CytoBridge Deep Dive: A Comprehensive Tutorial¶

Welcome to the detailed tutorial on using CytoBridge for single-cell spatiotemporal dynamical modeling. This guide is designed to provide an in-depth walkthrough of the entire process, from data preparation and preprocessing to PCA extraction and model training. Additionally, it offers practical insights into selecting the most suitable models and components based on specific biological questions and computational limitations.

1. Data Requirements¶

CytoBridge is designed for single-cell transcriptomic data (scRNA-seq/spatial transcriptomics) with temporal annotations. Below are the supported formats and critical requirements:

Supported Input Formats¶

Format	Use Case	Required Structure
AnnData (h5ad) (Recommended)	Standard scRNA-seq/spatial data (compatible with Scanpy/Seurat)	- `adata.X`: Gene expression matrix (cells × genes, raw counts/normalized values)- `adata.obs`: Metadata with a time column (e.g., `Time_point`, `Day`)- Optional: Cell type annotations
CSV	Lightweight datasets	- Rows = cells, Columns = gene counts + 1 time column (e.g., `samples`, `Time`)- No missing values in the time column

Critical Annotations¶

Time Key: A column in adata.obs (or CSV) that labels each cell with its experimental time point (e.g., categorical: Day0/Day2; numerical: 0/2.0).

This is mandatory for modeling temporal dynamics.
Raw Counts (Preferred): CytoBridge’s preprocessing pipeline is optimized for raw scRNA-seq counts (normalization/log1p steps are configurable).

2. Quick Start¶

Get up and running in 5 minutes with a minimal example (AnnData input):¶

import scanpy as sc
import CytoBridge as cb

# 1. Load data
adata = sc.read_h5ad("raw_scrna_data.h5ad")

# 2. Preprocess (normalize + HVG + PCA)
time_mapping = {"Day0": 0.0, "Day2": 2.0, "Day5": 5.0}  # Map time points to numbers
n_pc_adata = cb.pp.preprocess(
    adata=adata,
    time_key="Time_point",
    time_mapping=time_mapping,
    normalization=True,
    log1p=True,
    select_hvg=True,
    dim_reduction="pca",
    n_pcs=50
)

# 3. Train model (Velocity + Growth + Score)
cb.tl.fit(
    adata=n_pc_adata,
    config="ruot",          # Velocity + Growth + Score
    device="cuda",          # Use "cpu" if no GPU
)

# 4. Save results
n_pc_adata.write_h5ad("trained_model.h5ad")

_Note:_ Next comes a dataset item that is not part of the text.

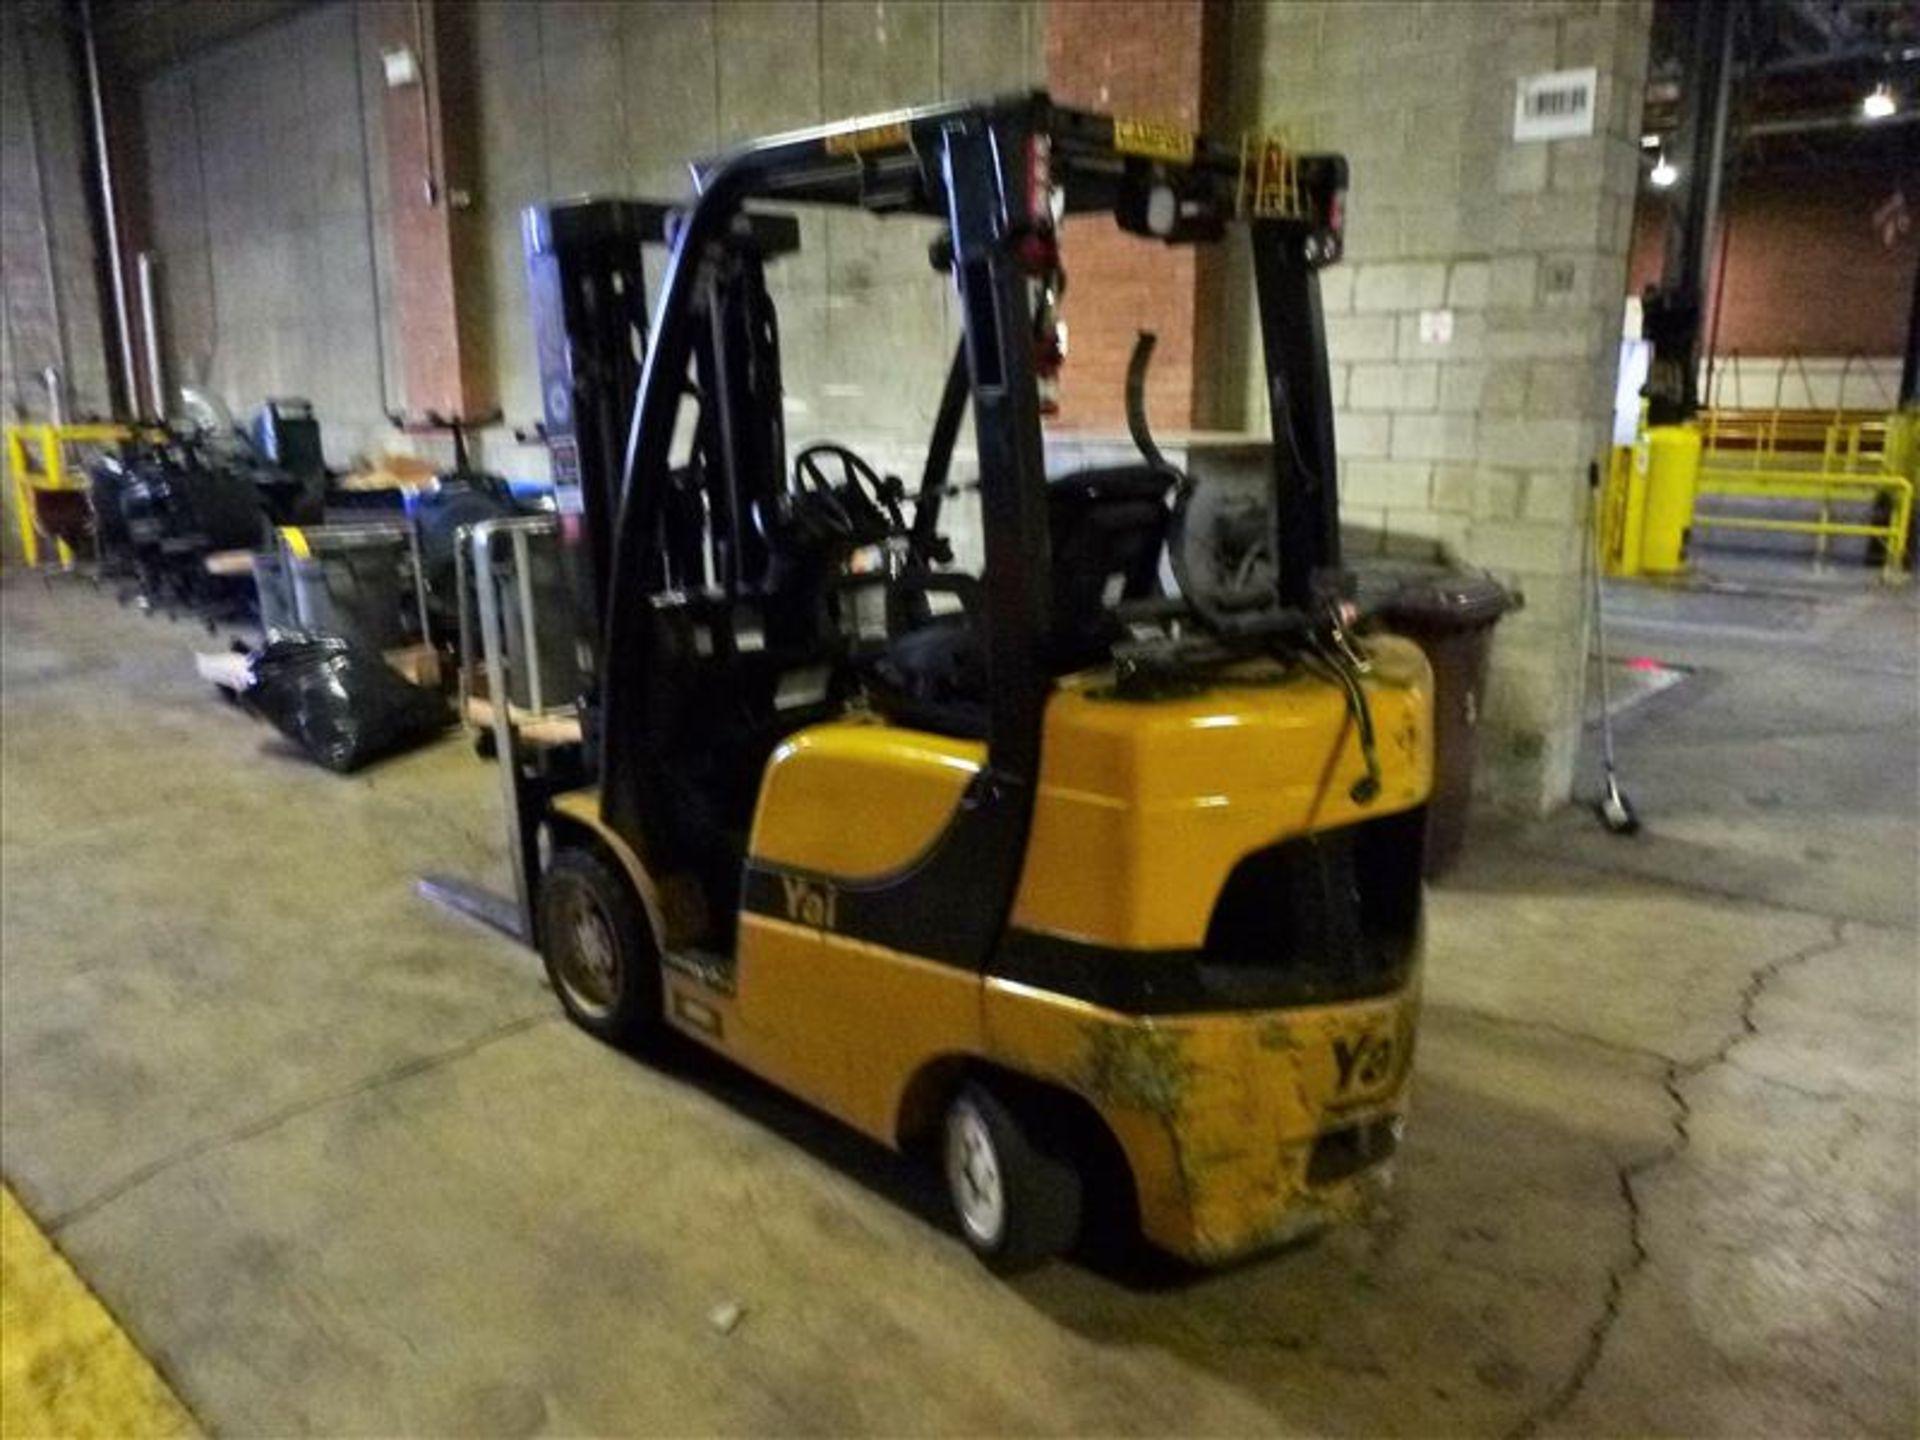 Yale fork lift truck, mod. GLC060VXNDAE085, ser. no. C910V01994N, LPG, 5500 lbs cap., 181 in. lift - Image 2 of 4

3. Full Workflow Walkthrough¶

3.1 Preprocessing¶

Preprocessing reduces noise and extracts biologically meaningful features for dynamical modeling. The cb.pp.preprocess function encapsulates a standardized workflow—tune parameters based on your data type.

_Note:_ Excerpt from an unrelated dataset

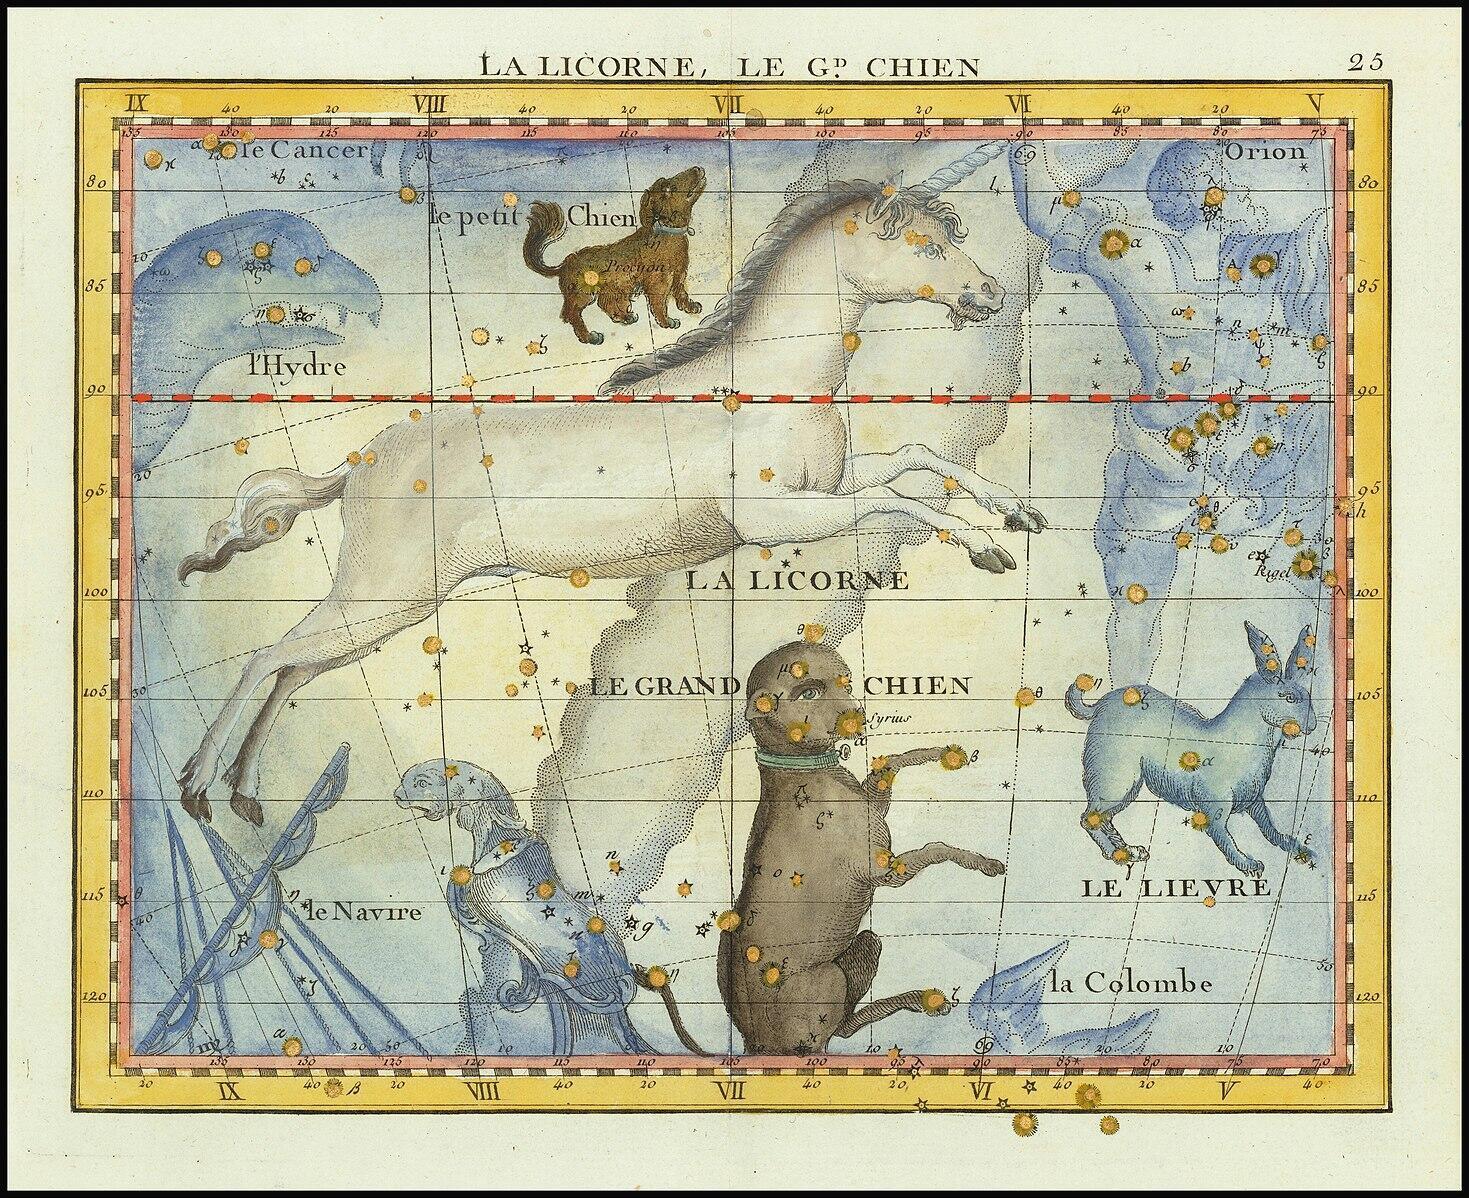 RFI Le_Grand_Chien_(Monoceros_&_Canis_Major)

Key Preprocessing Steps & Parameters¶

Step	Purpose	Parameter	When to Use
Normalization	Scale counts to fix sequencing depth differences	`normalization=True`	Enable for raw counts; disable for pre-normalized data
Log1p Transformation	Stabilize variance in gene expression	`log1p=True`	Enable for raw counts; disable for already log-transformed data
HVG Selection	Focus on biologically variable genes (reduce noise)	`select_hvg=Truen_top_genes=2000`	Enable for scRNA-seq; disable for sparse spatial transcriptomics
Time Mapping	Convert categorical time labels to numbers	`time_mapping={"Day0":0.0}`	Always define explicitly (avoids arbitrary time ordering)

Full Preprocessing Code¶

import scanpy as sc

import CytoBridge as cb

# Load data

adata = sc.read_h5ad("raw_scrna_data.h5ad")

# Define time mapping (critical for temporal dynamics)

time_mapping = {"Day0": 0.0, "Day2": 2.0, "Day5": 5.0}

# Run preprocessing

n_pc_adata = cb.pp.preprocess(

   adata=adata,

   time_key="Time_point",          # Column with time labels

   time_mapping=time_mapping,      # Explicit time mapping (avoid auto-mapping)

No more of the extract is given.